__DATA SHOWN__.
=-=-=
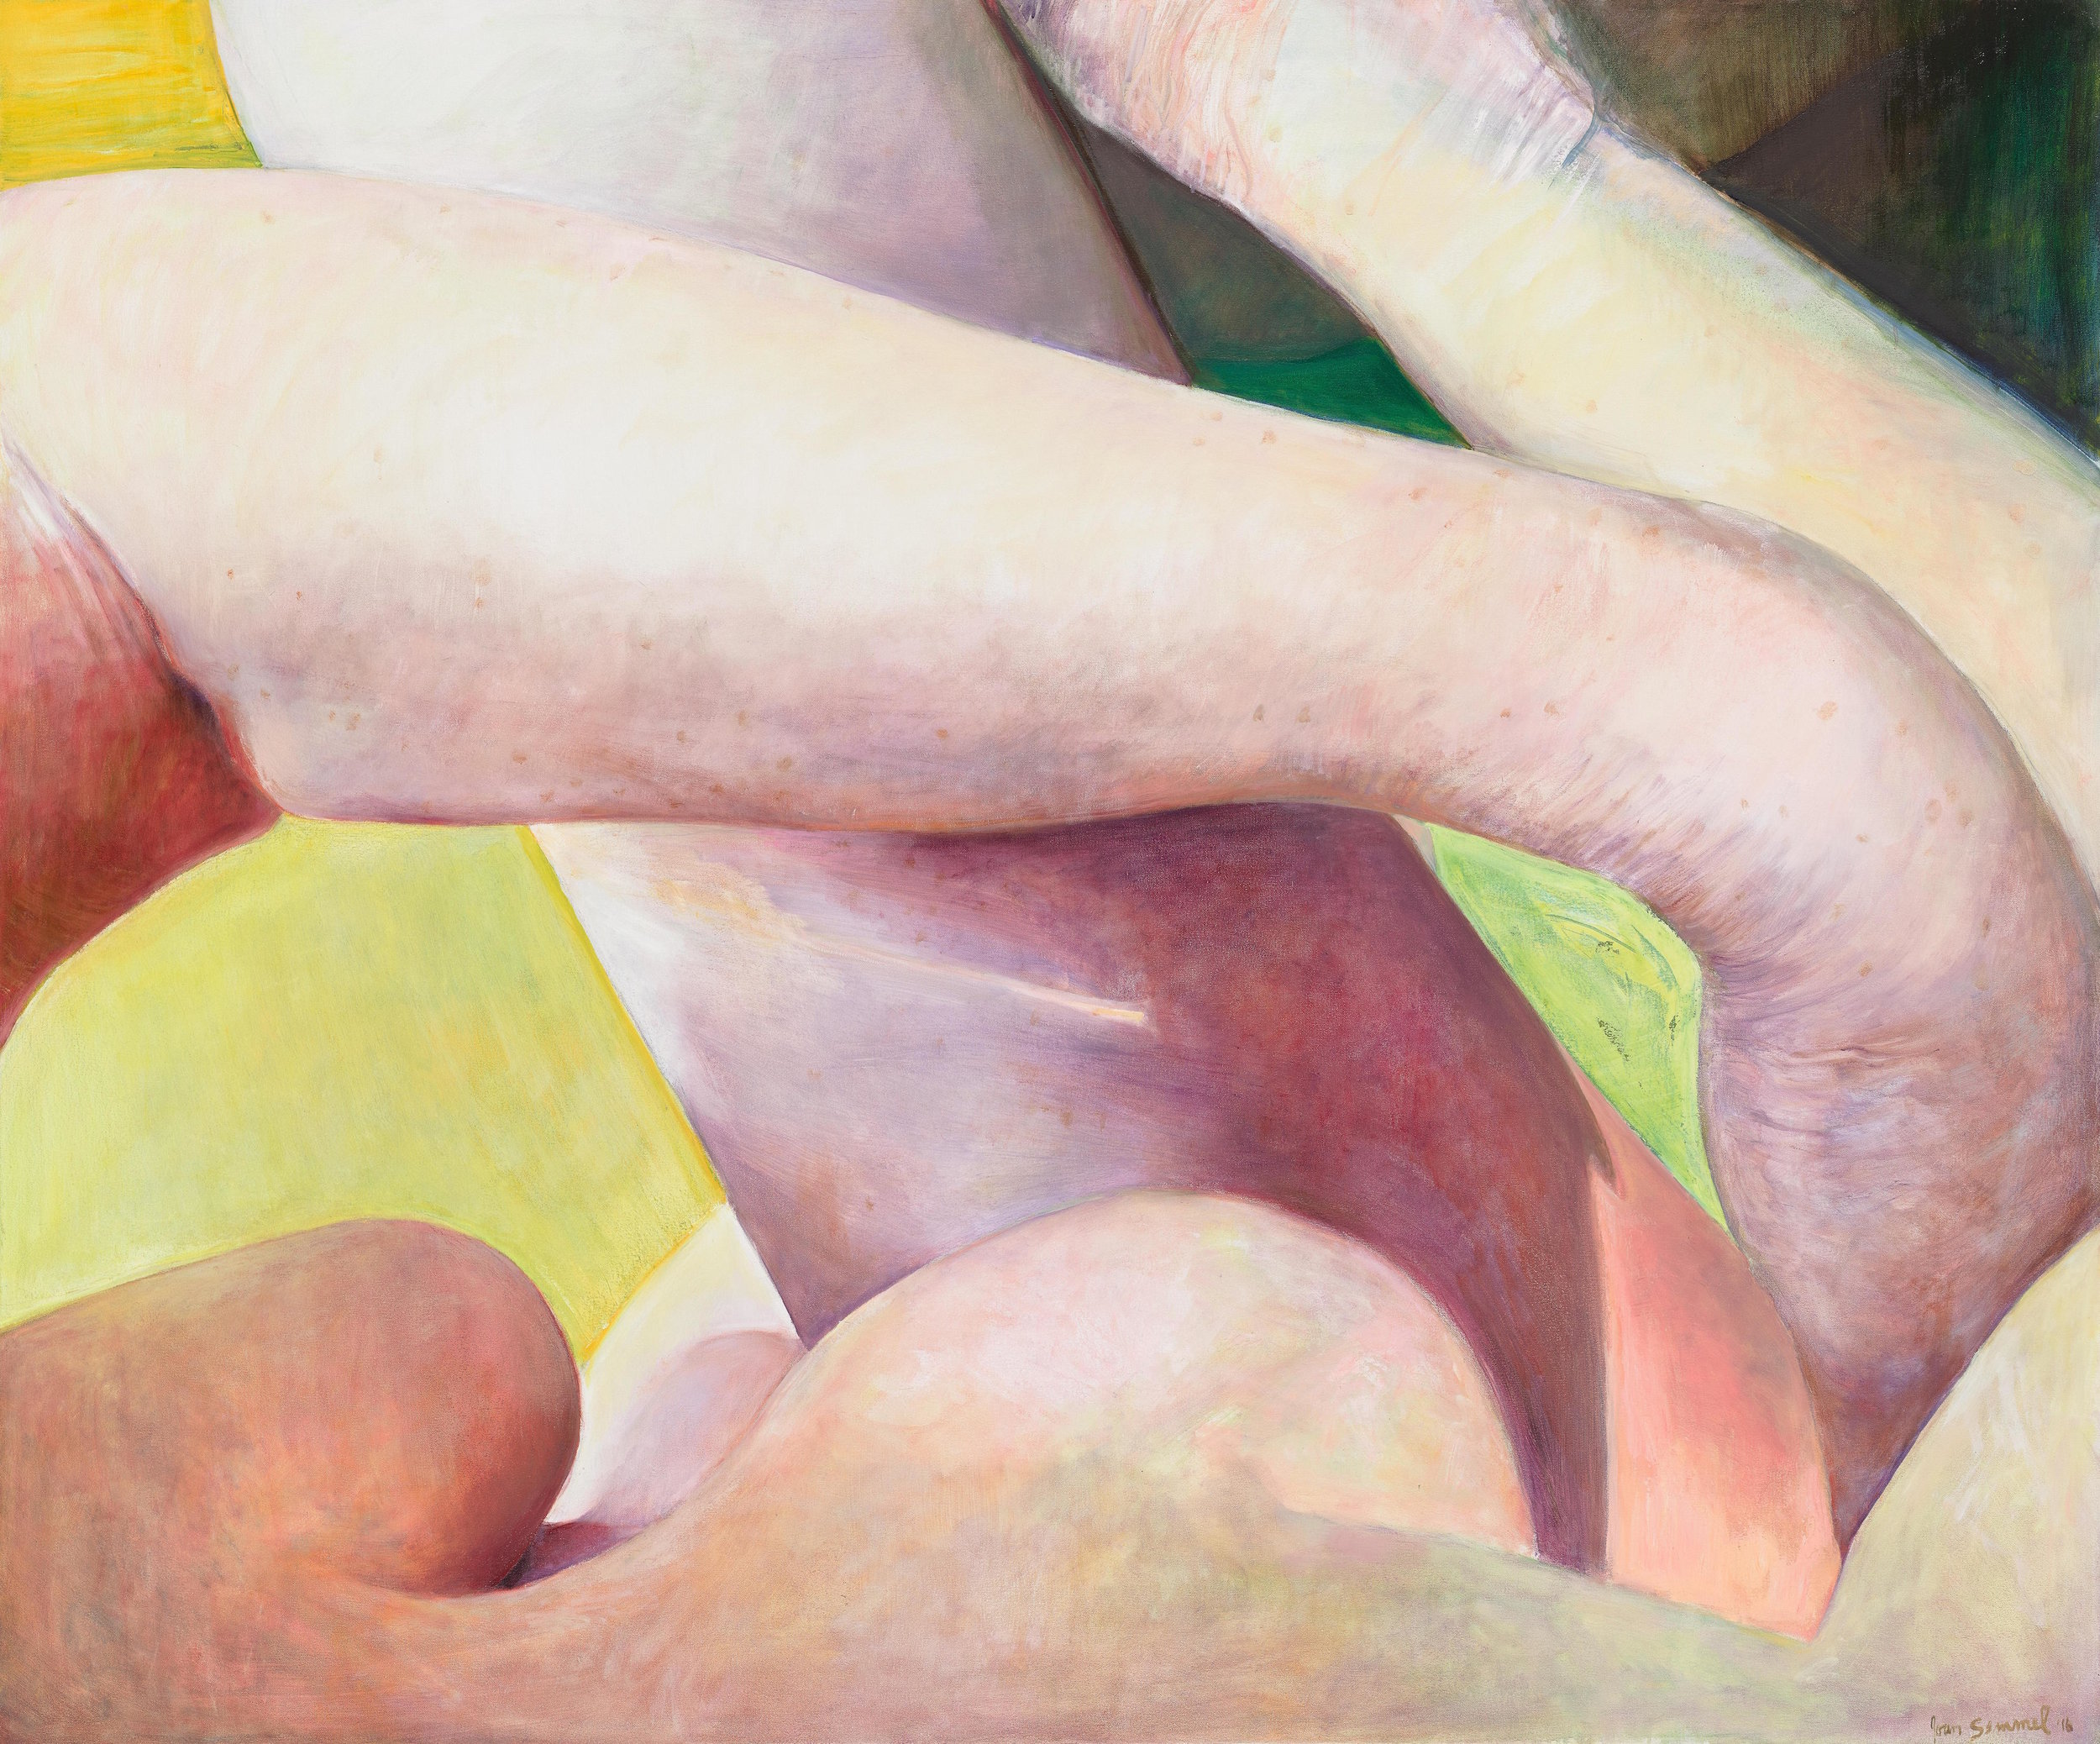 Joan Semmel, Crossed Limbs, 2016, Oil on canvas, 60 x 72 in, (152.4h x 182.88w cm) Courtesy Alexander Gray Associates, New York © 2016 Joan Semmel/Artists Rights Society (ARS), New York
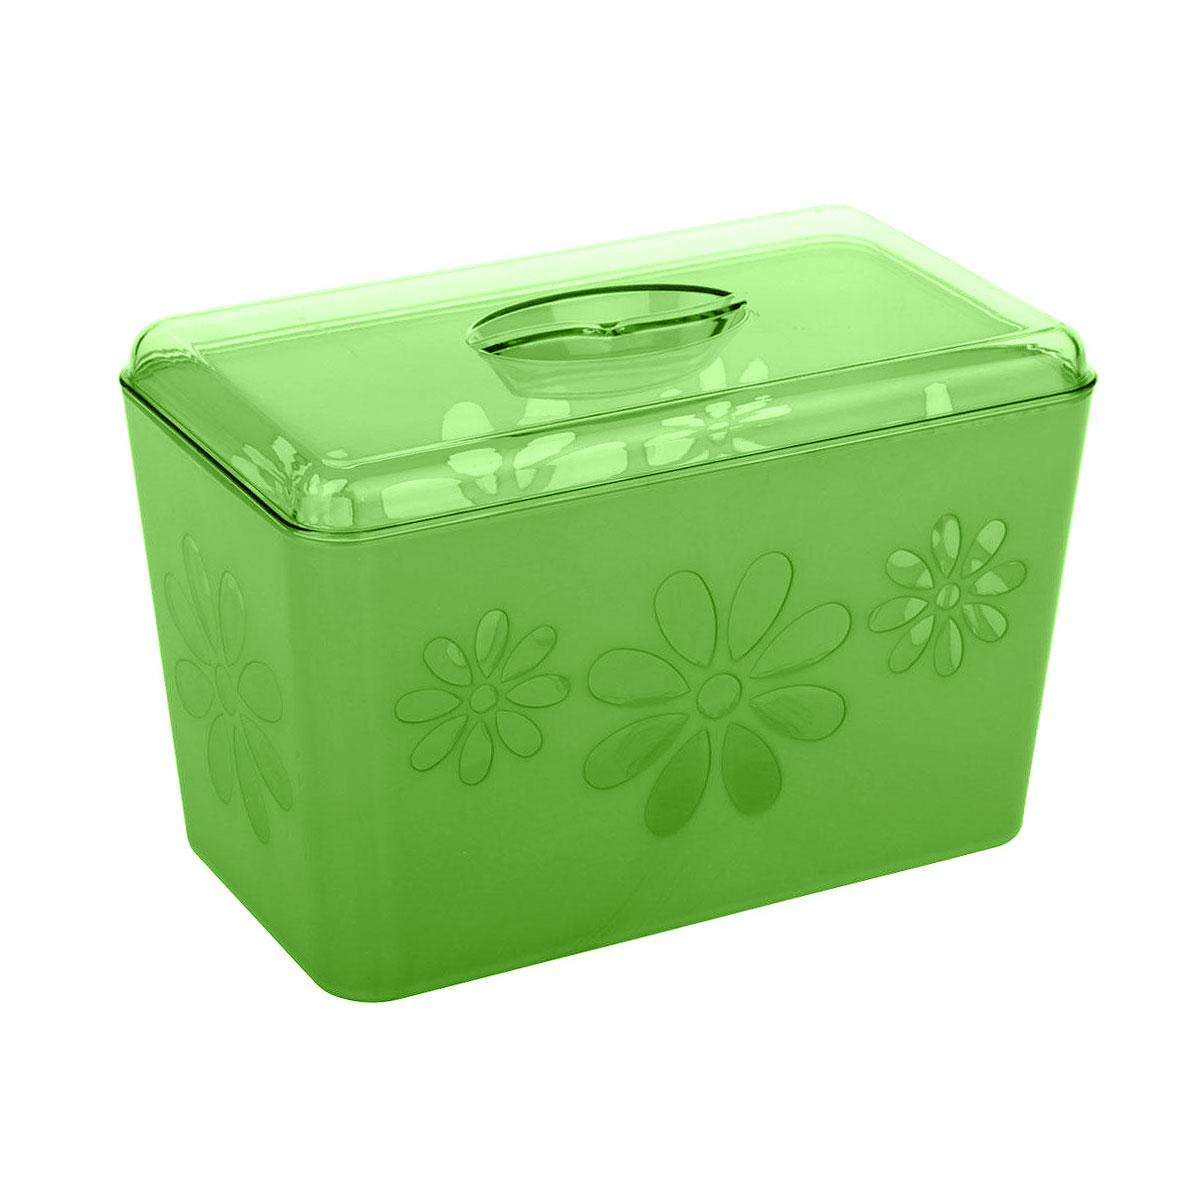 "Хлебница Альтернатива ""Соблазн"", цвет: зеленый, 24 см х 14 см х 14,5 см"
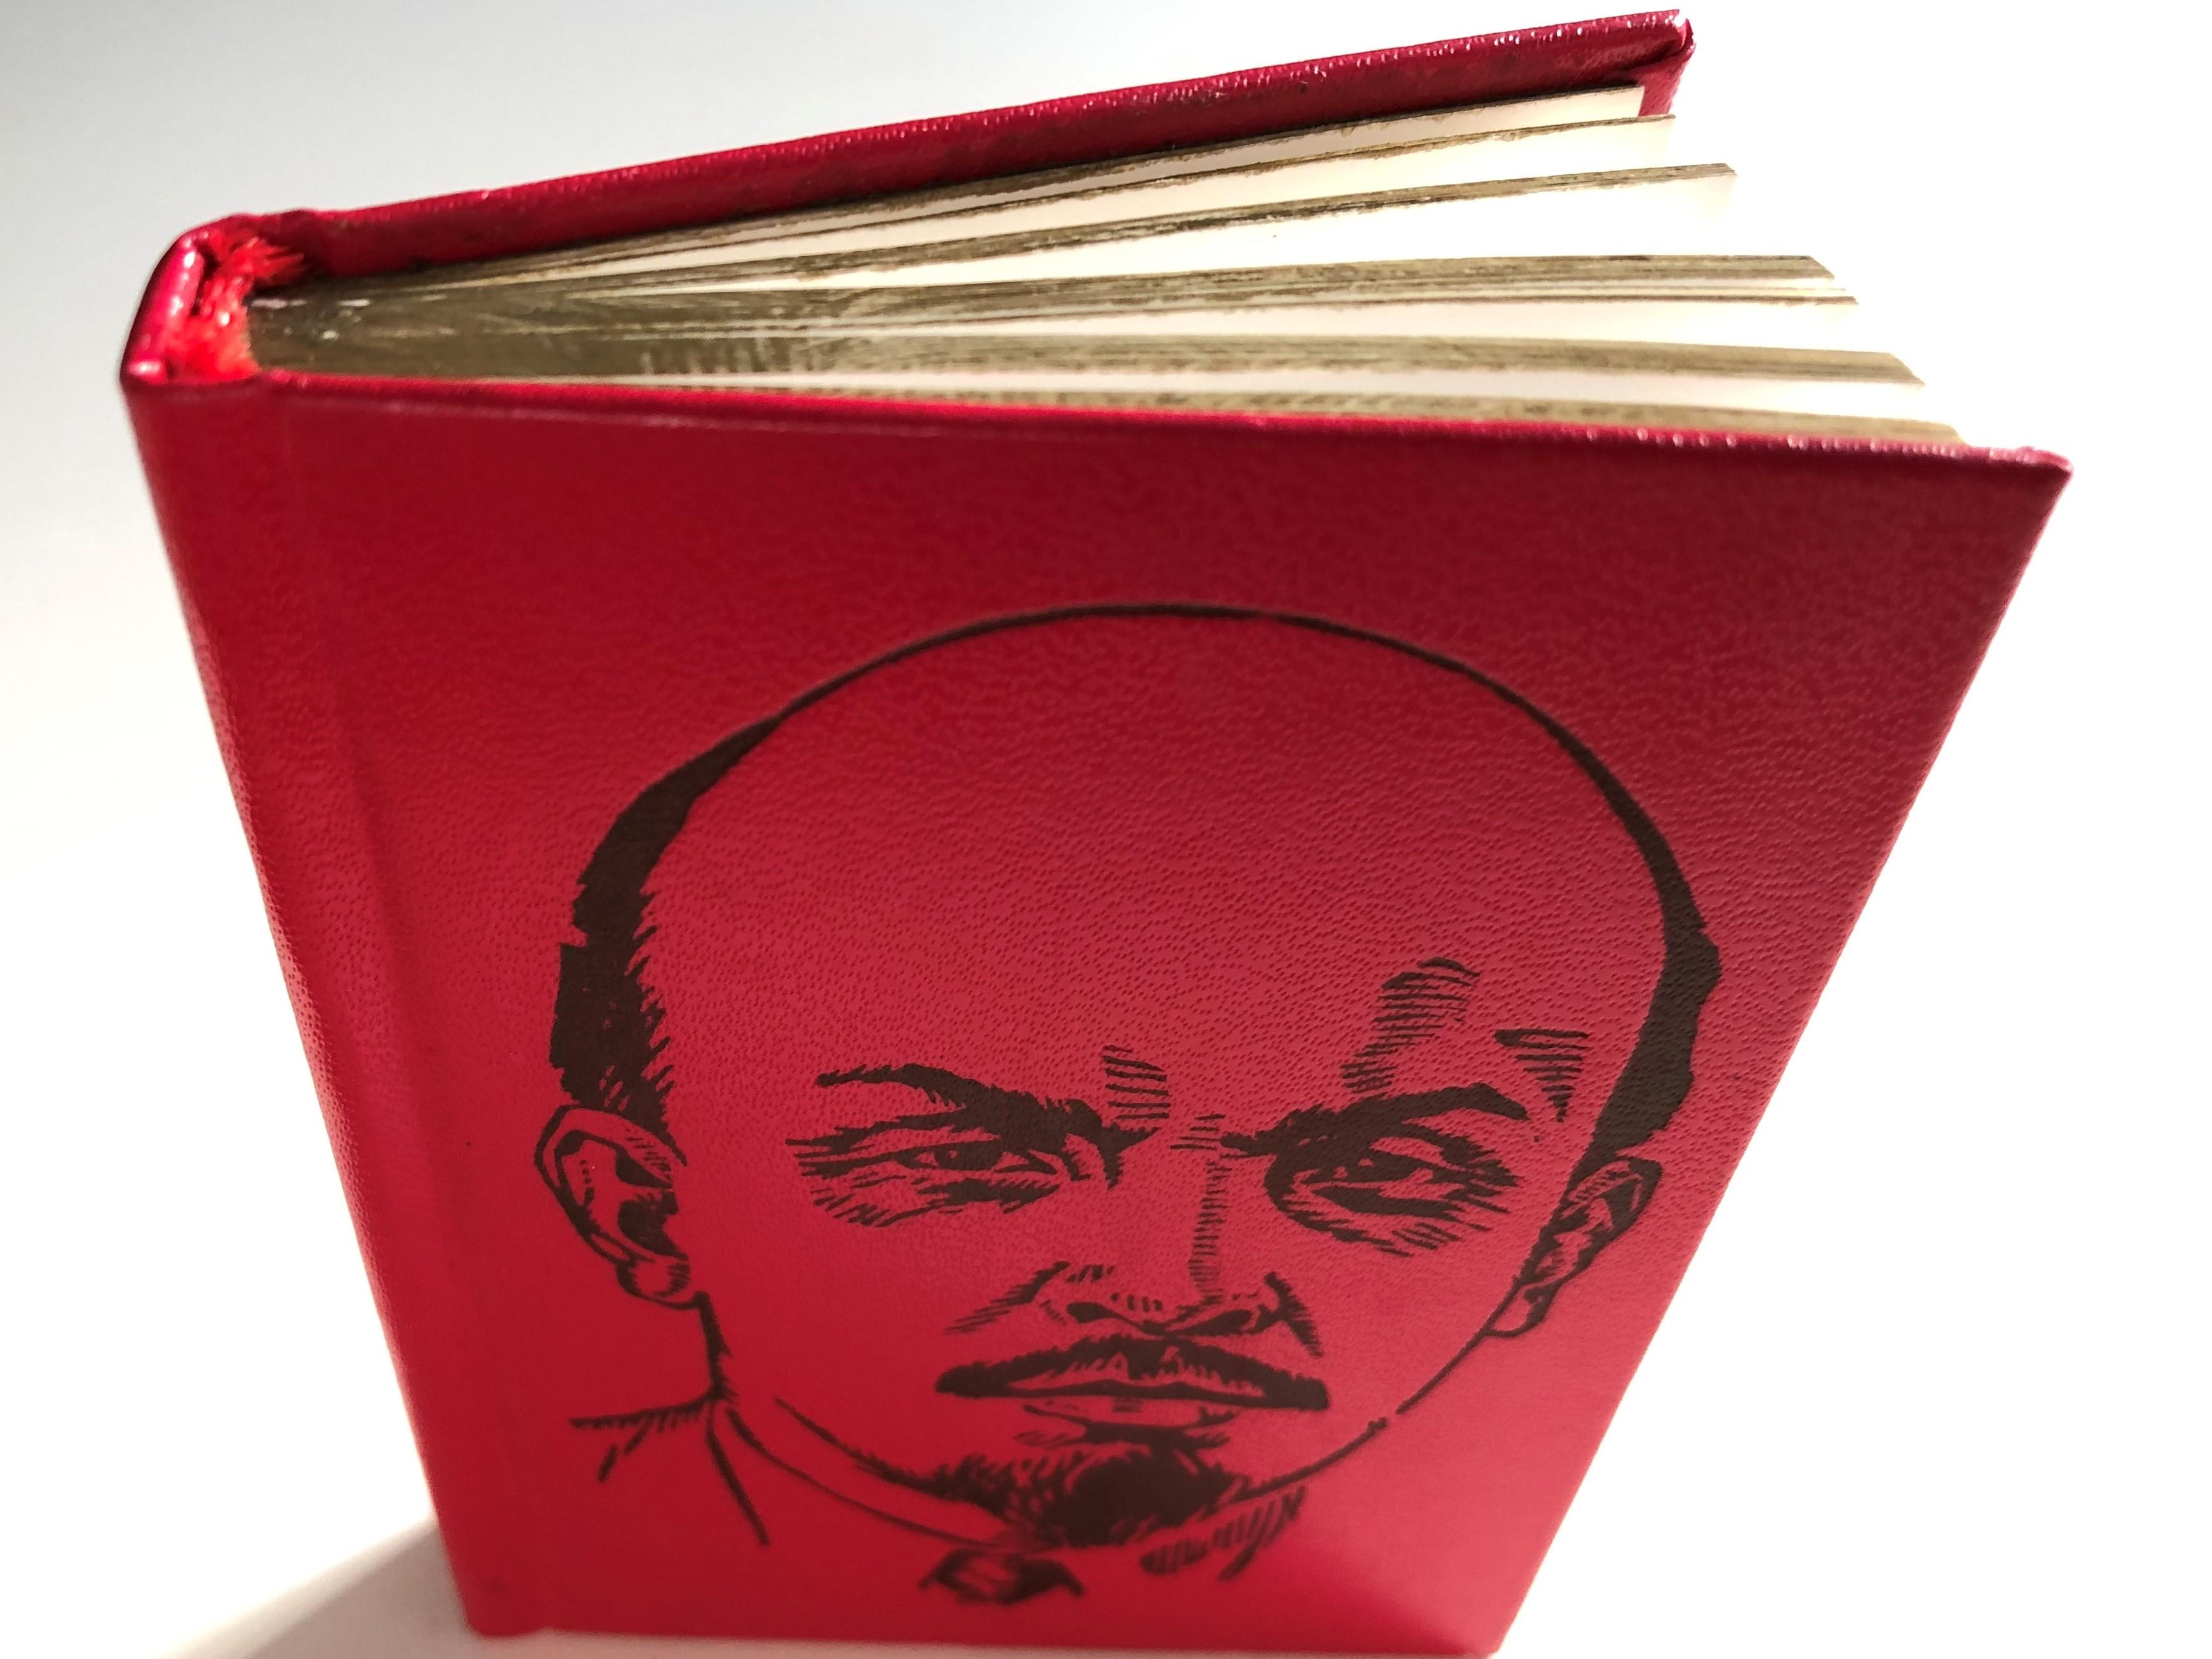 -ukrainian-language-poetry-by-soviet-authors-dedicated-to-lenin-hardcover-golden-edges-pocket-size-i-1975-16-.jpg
=-=-=
This exercise calls for the complete listing, returned exactly and without images.

__OUTPUT OF THE EXERCISE__.
 Joan Semmel, Crossed Limbs, 2016, Oil on canvas, 60 x 72 in, (152.4h x 182.88w cm) Courtesy Alexander Gray Associates, New York © 2016 Joan Semmel/Artists Rights Society (ARS), New York
 "Хлебница Альтернатива ""Соблазн"", цвет: зеленый, 24 см х 14 см х 14,5 см"
 -ukrainian-language-poetry-by-soviet-authors-dedicated-to-lenin-hardcover-golden-edges-pocket-size-i-1975-16-.jpg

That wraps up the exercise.